You'll now evaluate the test set RMSE of the random forests regressor rf that you trained in the previous exercise.

In [14]:

from sklearn.metrics import mean_squared_error as MSE

# Predict the test set labels
y_pred = rf.predict(X_test)

# Evaluate the test set RMSE
rmse_test = MSE(y_test, y_pred) ** 0.5

# Print rmse_test
print('Test set RMSE of rf: {:.2f}'.format(rmse_test))

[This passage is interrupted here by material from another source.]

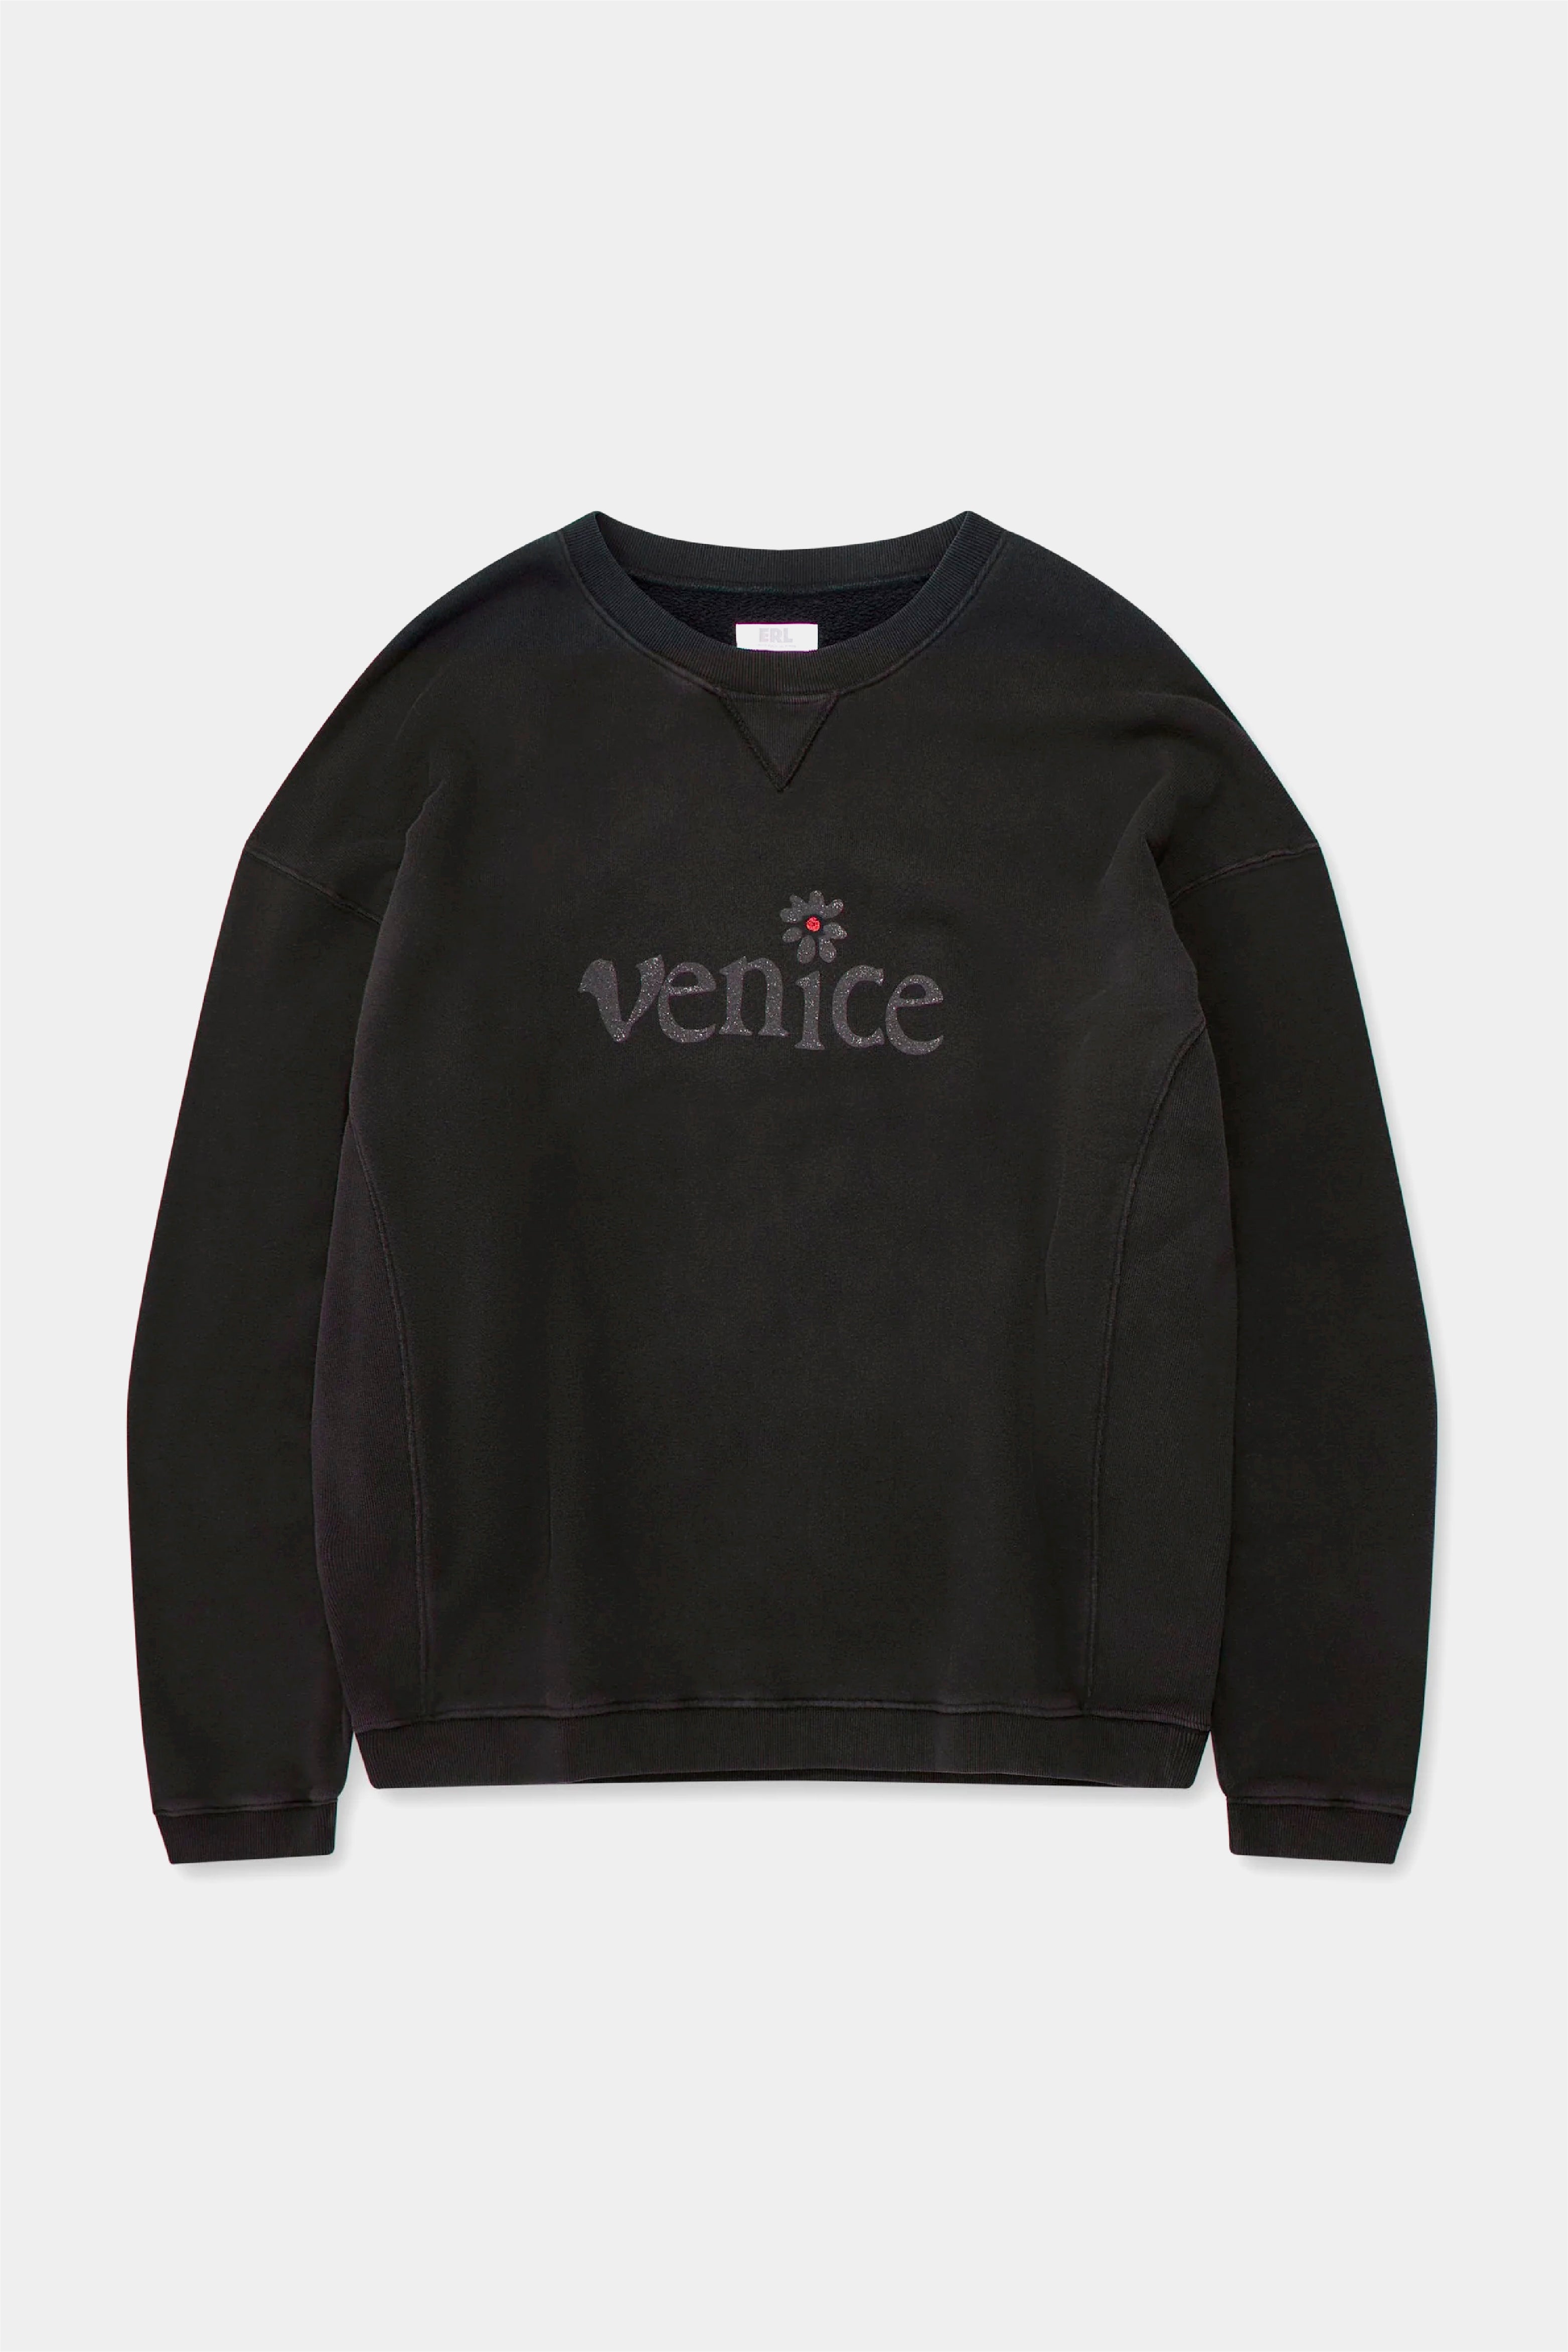 Selectshop FRAME - ERL Venice Crew Neck Premium Fleece Sweatshirt Sweats-Knits Concept Store Dubai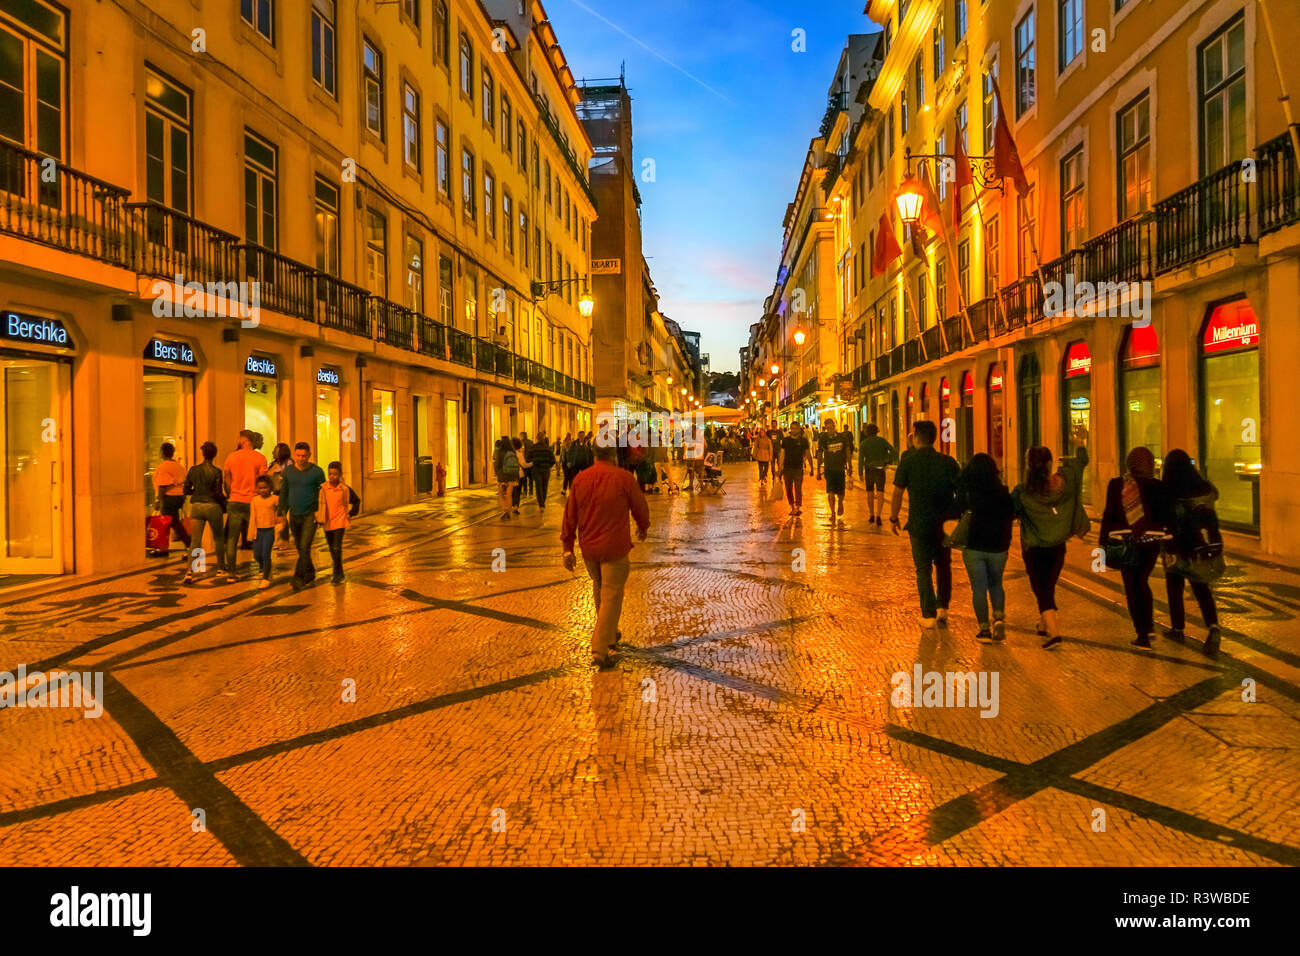 Rua Augusta, shops and restaurants, street with black and white tiles, Baixa, Lisbon, Portugal. Stock Photo

Test set RMSE of rf: 54.49

Visualizing features importances¶

In this exercise, you'll determine which features were the most predictive according to the random forests regressor rf that you trained in a previous exercise.

For this purpose, you'll draw a horizontal barplot of the feature importance as assessed by rf. Fortunately, this can be done easily thanks to plotting capabilities of pandas.

In [15]:

# Create a pd.Series of features importances
importances = pd.Series(data=rf.feature_importances_, index=X_train.columns)

# Sort importances
importances_sorted = importances.sort_values()

# Draw a horizontal barplot of importances_sorted
importances_sorted.plot(kind='barh', color='lightgreen')
plt.title('Features Importances')
plt.savefig('../images/feature_importances.png')

Apparently, hr and workingday are the most important features according to rf. The importances of these two features add up to more than 90%!